I have a question for you. I have correctly converted a custom .weigth to openvino format. After converting to the openvino format, I was able to see a decrease in general performance as regards the quality of the detection. On average I noticed an 8% decrease in the neural network's ability to detect my custom objects. It's normal? Do you have any advice to be able to bring the quality of the results closer to those of the original weigth. I noticed that the loss of quality occurs in the transformation .weight to .pb

Thank you

TNTWEN commented 3 years ago

@mattiadp It is normal that there are differences in accuracy among different inferencing frameworks. But under normal circumstances, the accuracy of openvino will not lose too much. This has nothing to do with the precision of. pb.

I think you should check size of input image, confidence threshold,anchors ...... first,make sure these parameters are the same when you test your model in darknet and openvino.

Also you could use accuracy-checker(INT8 Quantization step 4) to calculate IR model's map.
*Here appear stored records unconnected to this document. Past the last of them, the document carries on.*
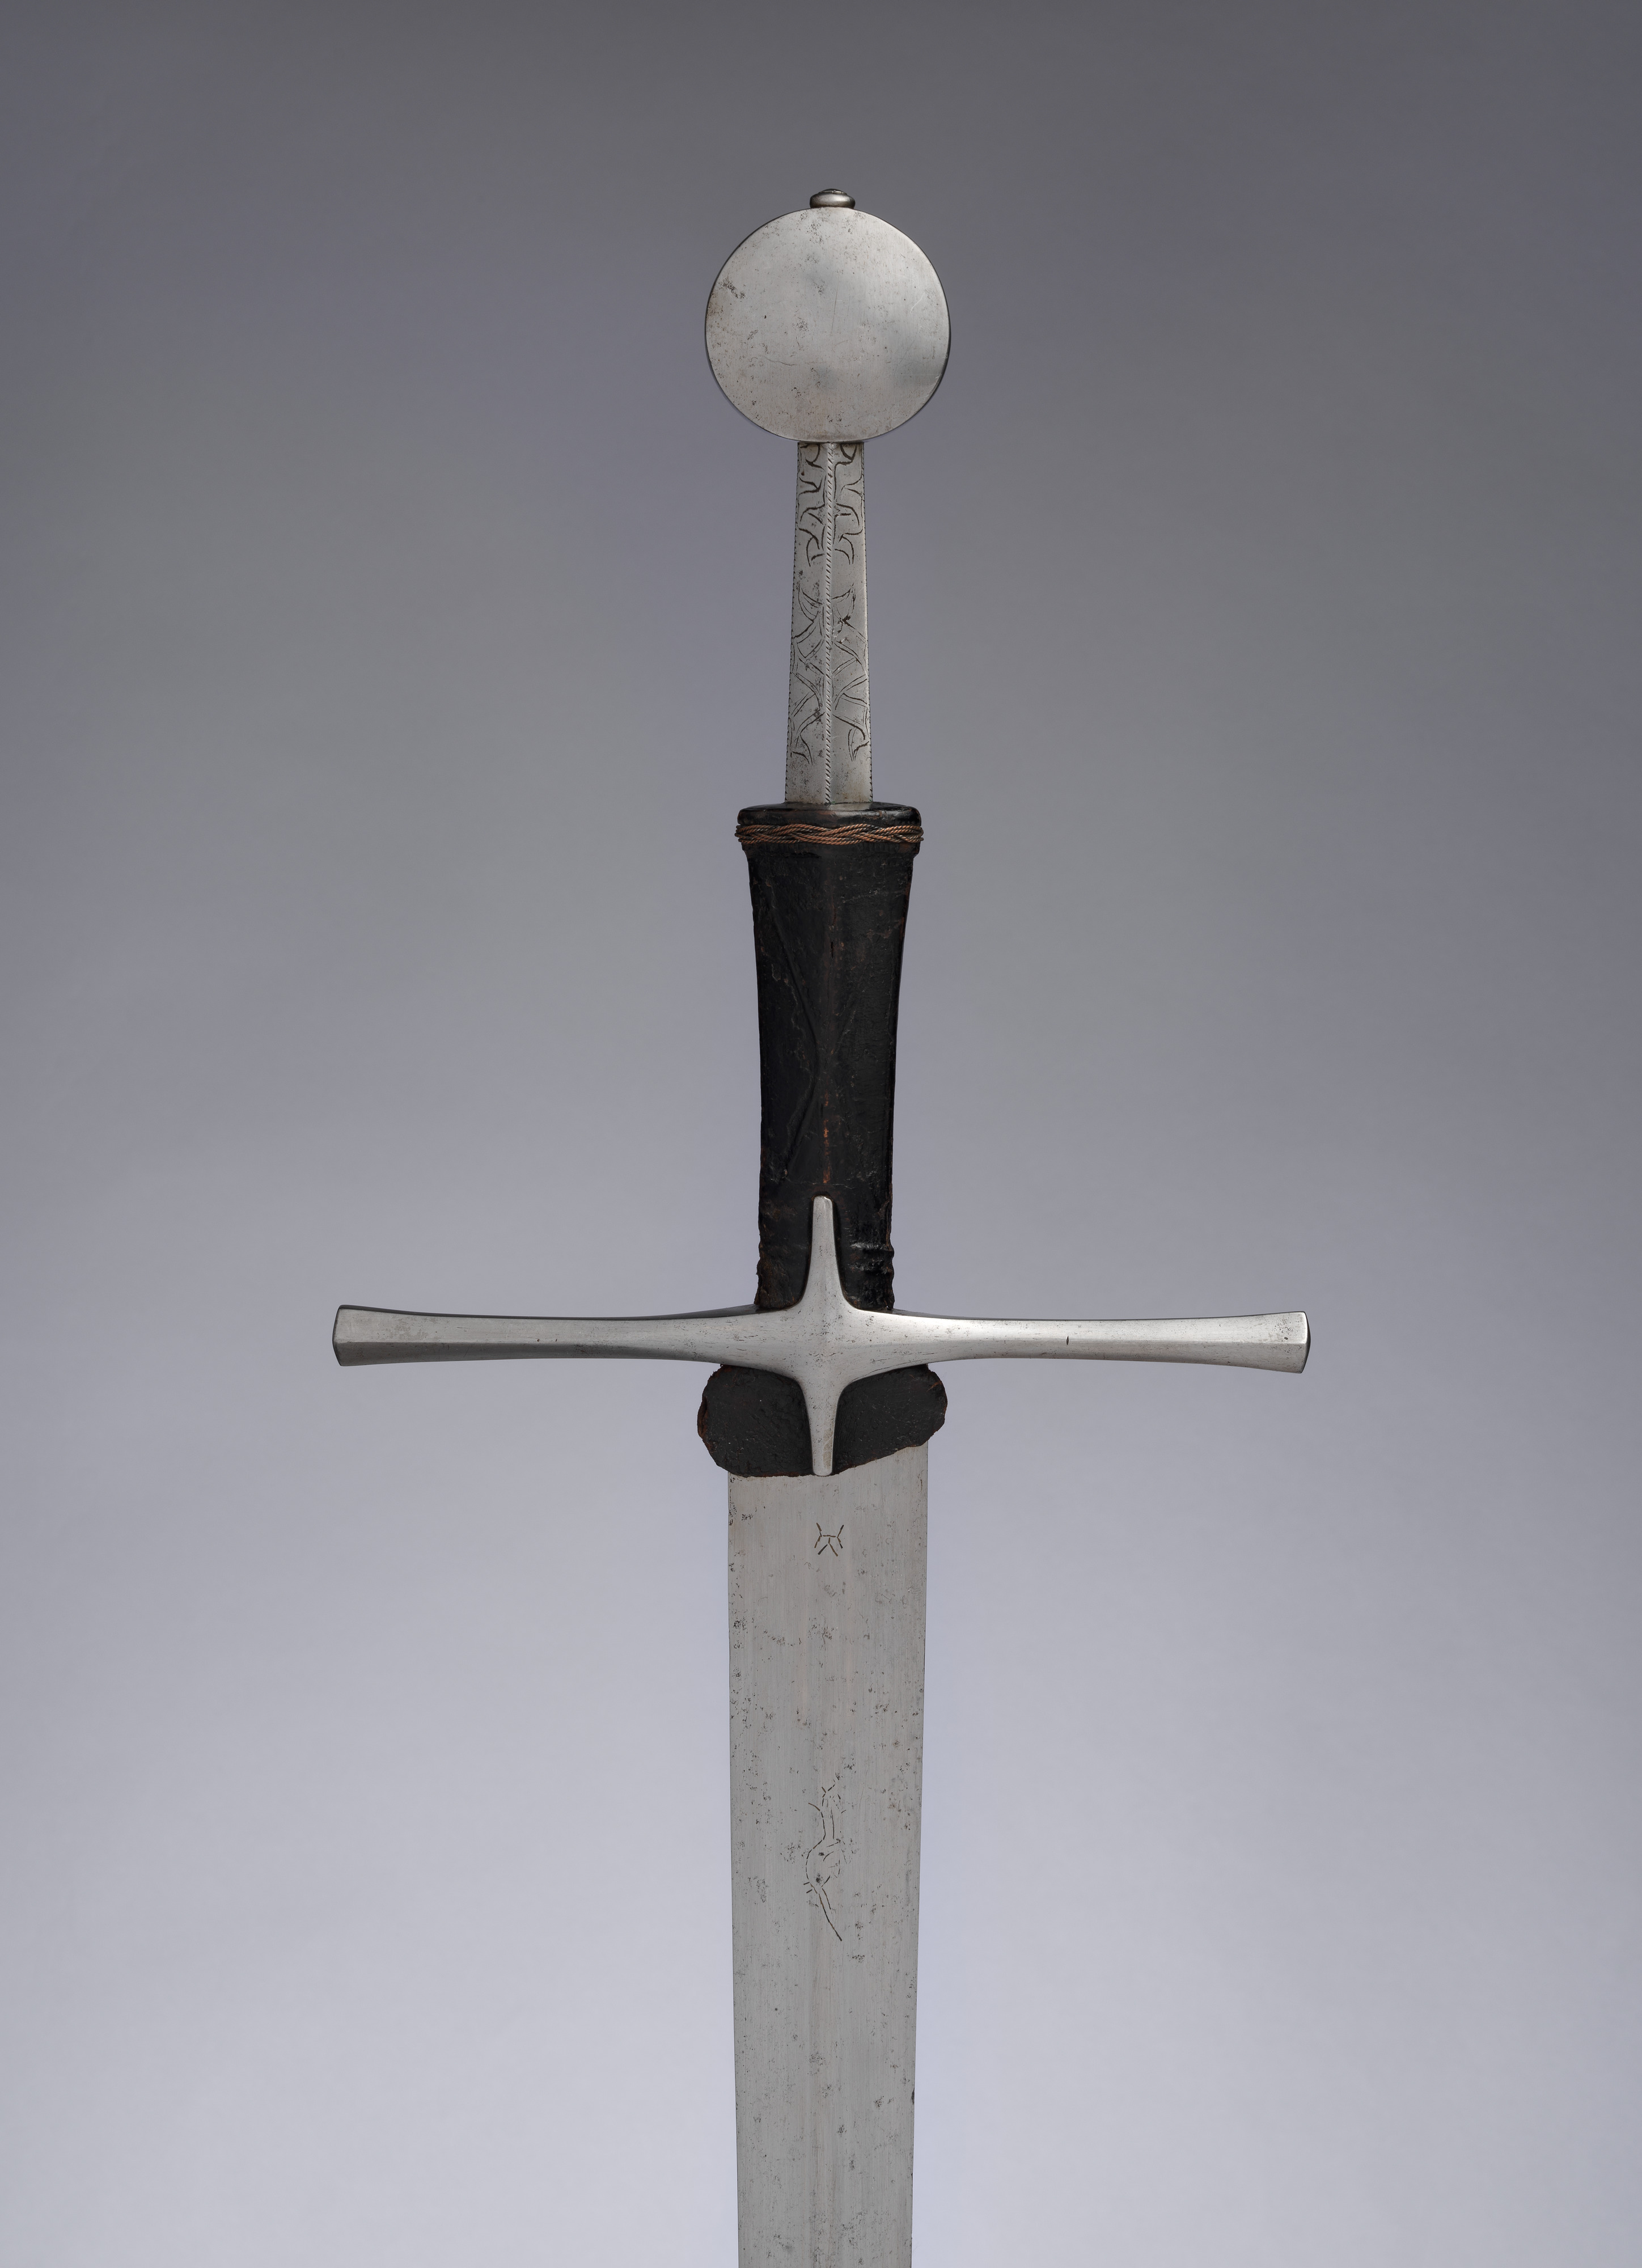 Tewkesbury Sword
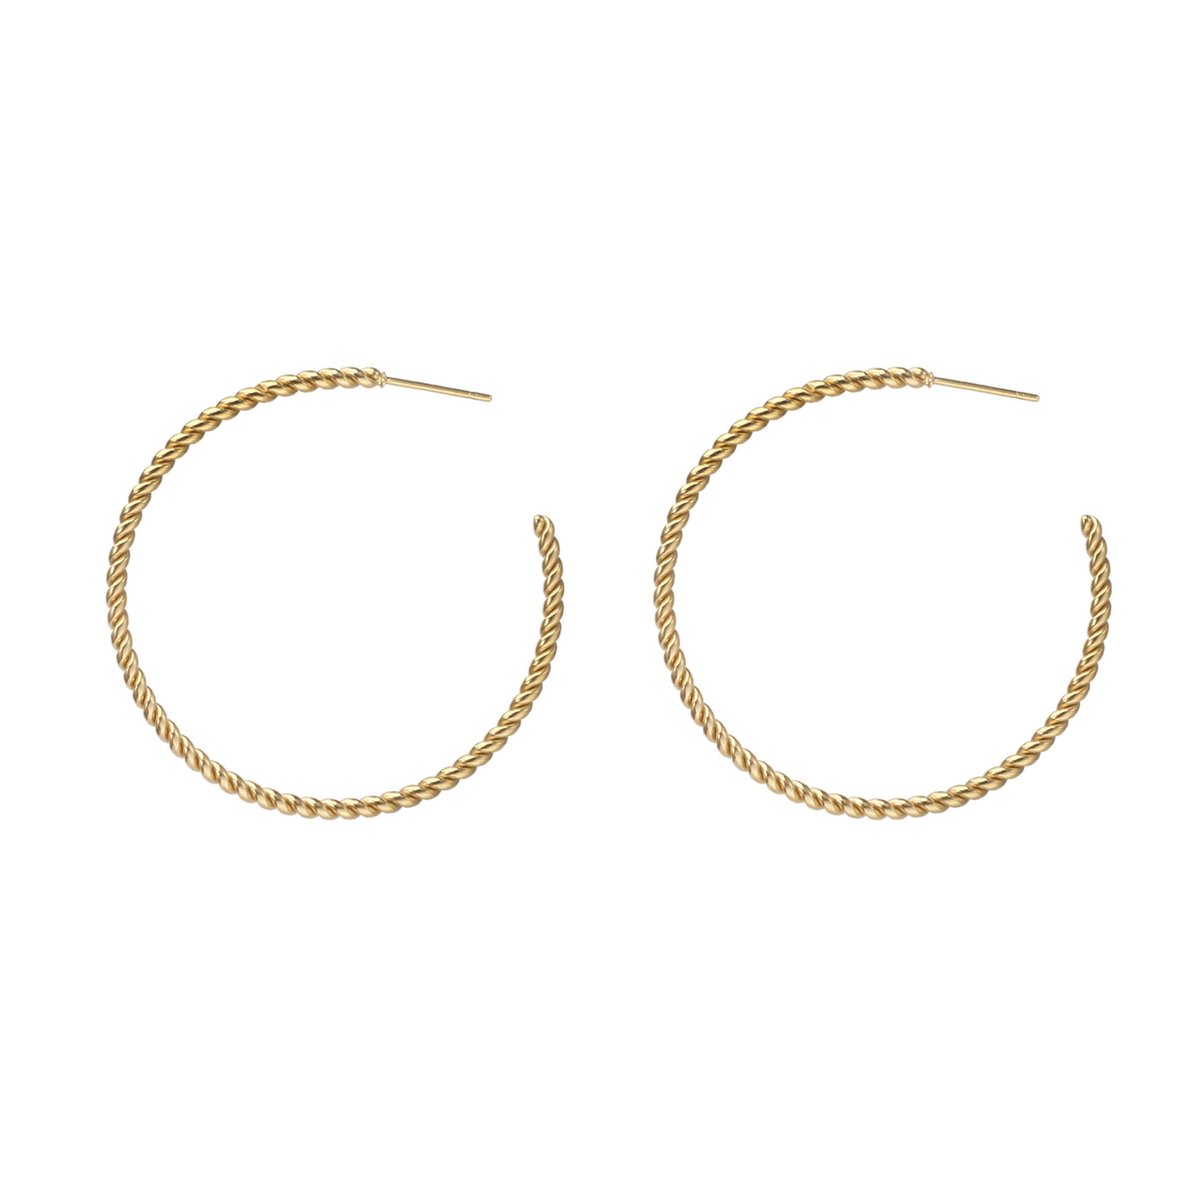 The Jewellery Club - Julia earrings gold - Oorbellen - Dames oorbellen - Tijdloze hoop oorbellen - Stainless steel - Goud - 4 cm
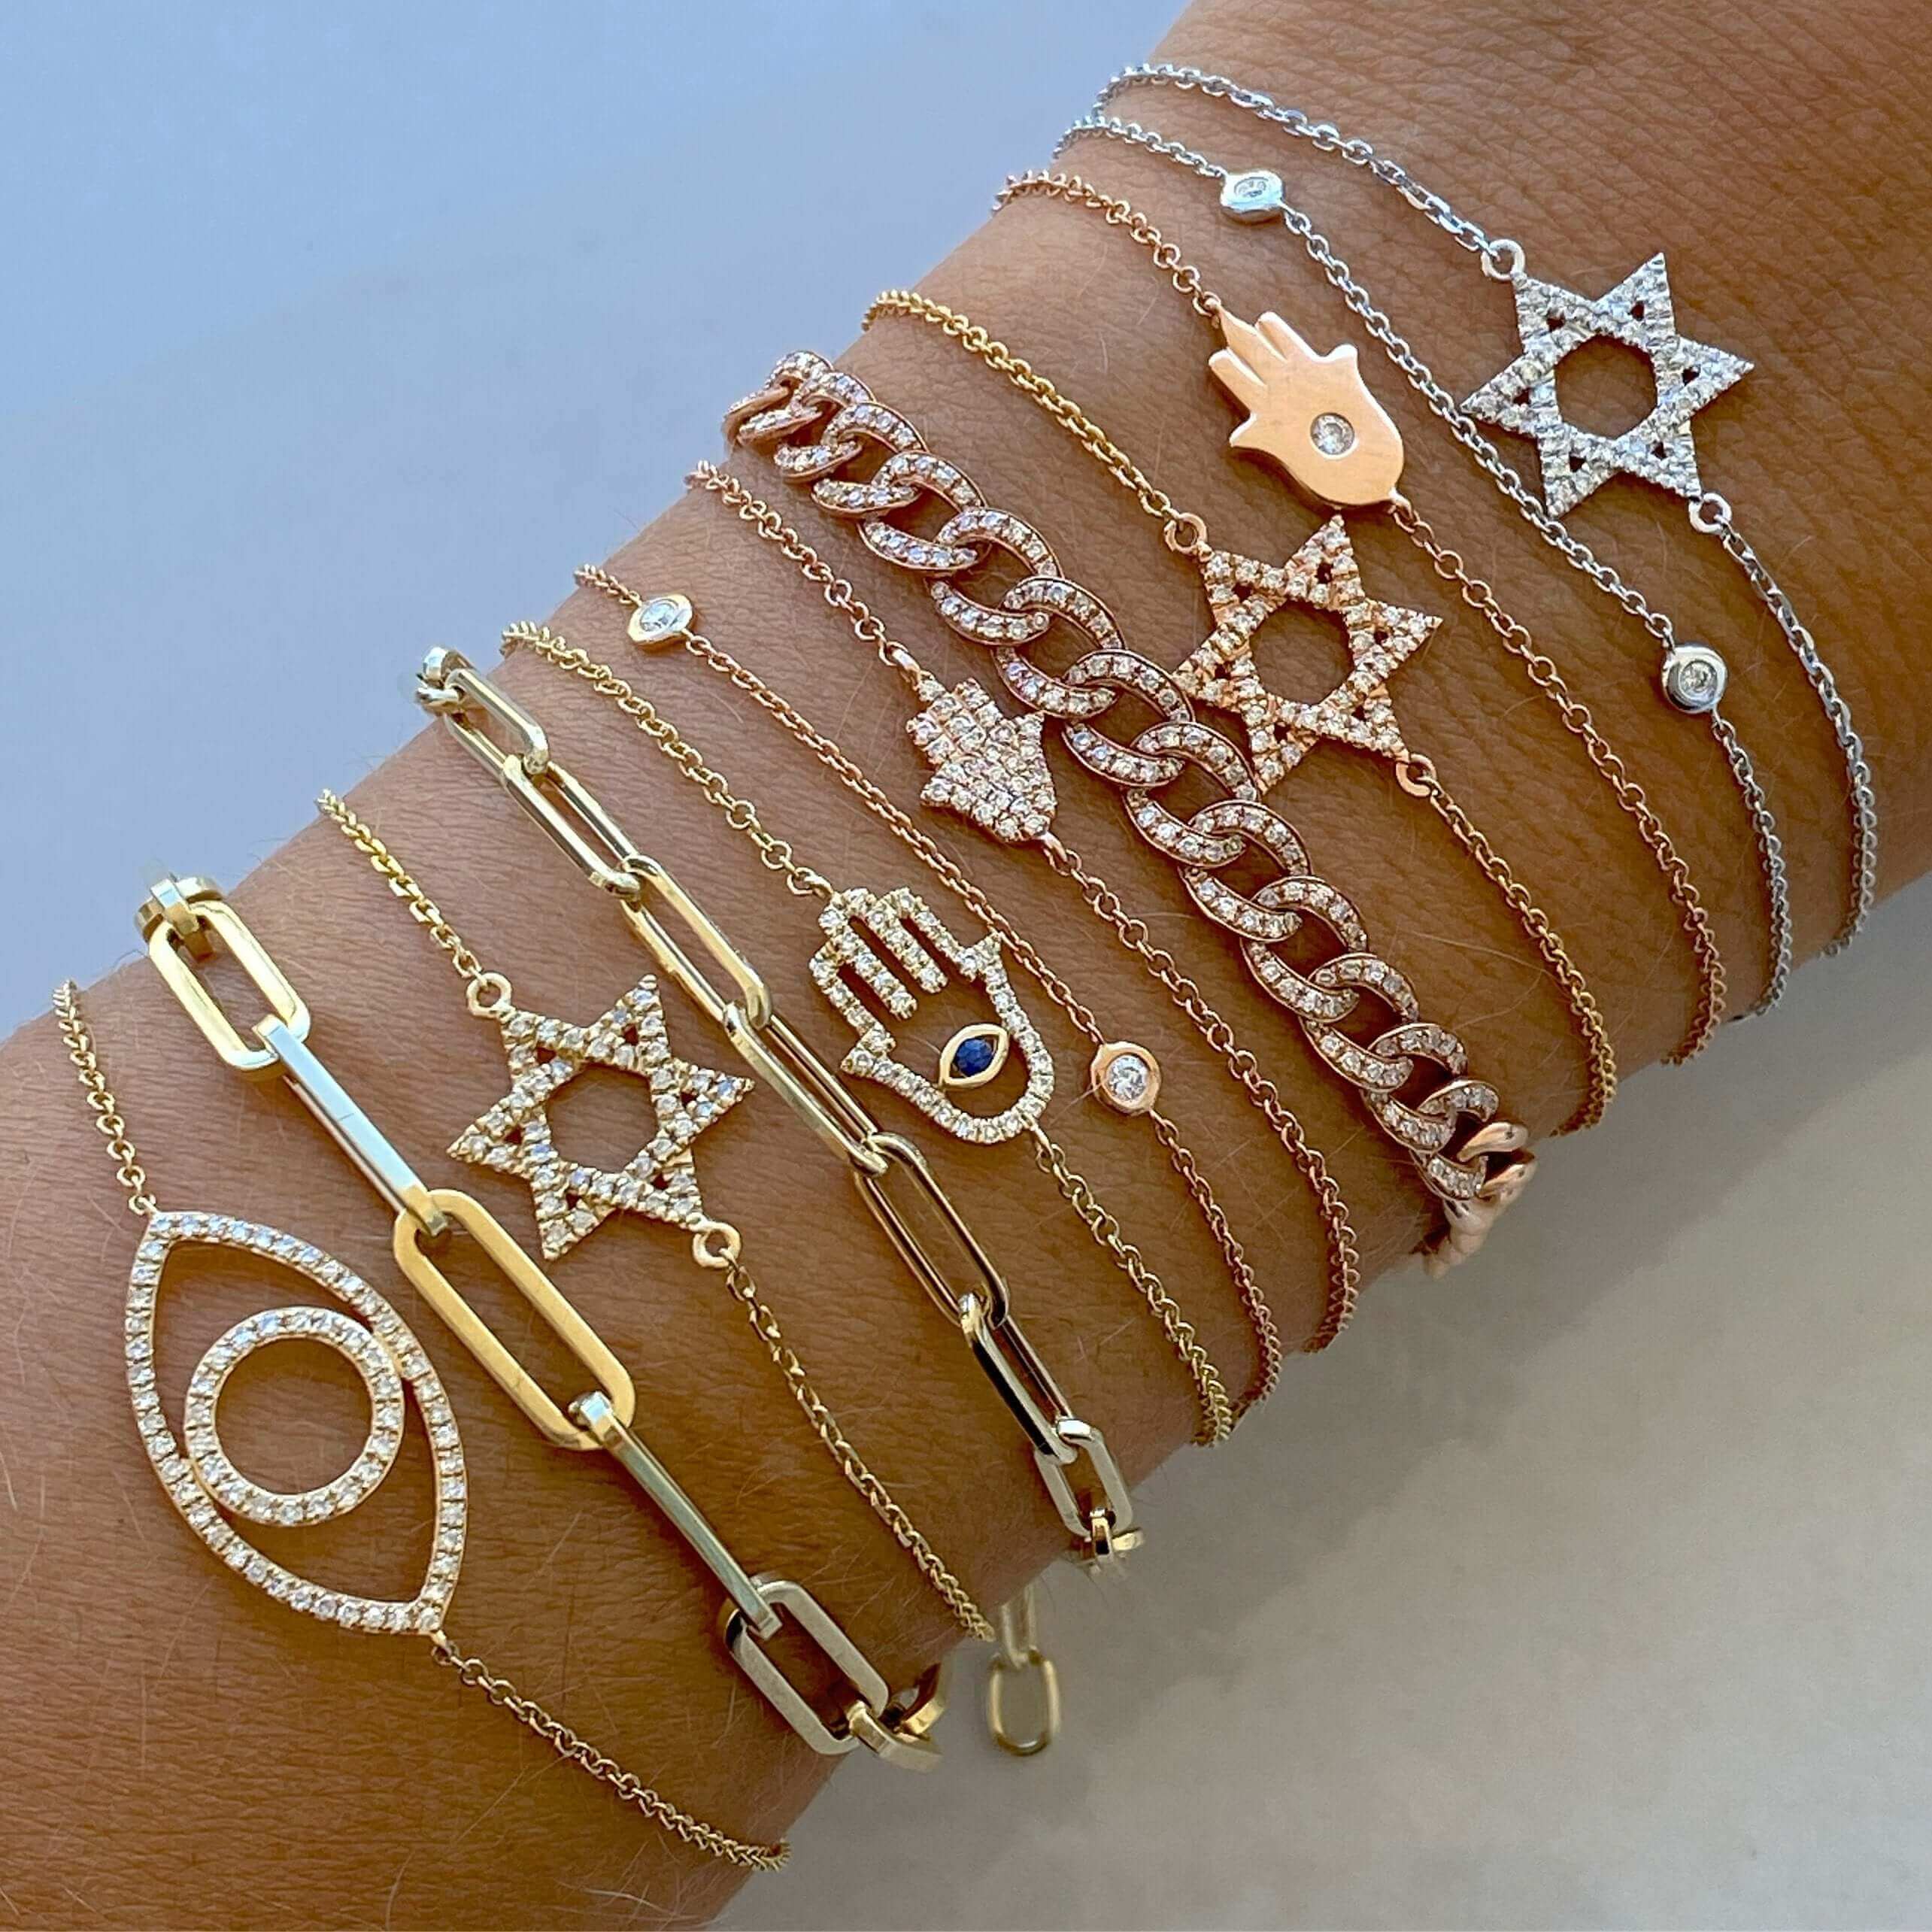 14K Gold Paper Clip Link Chain Bracelet - Bracelets - Izakov Diamonds + Fine Jewelry

mattiadp commented 3 years ago

Thanks for the quick response. OK! I got it. Maybe I could try training yolo4 directly with a TensorFlow framework implementation to get a better overall quality. Anyway thanks again.

TNTWEN commented 3 years ago

No,you should use darknet to train your model !!!!!! Many tensorflow and pytorch 's yolov4 implementation are different from darknet. It will cause your model can only run under the training framework, and the effect of converting to other frames is especially poor!!

Never train yolo4 directly with a TensorFlow framework then convert to other format.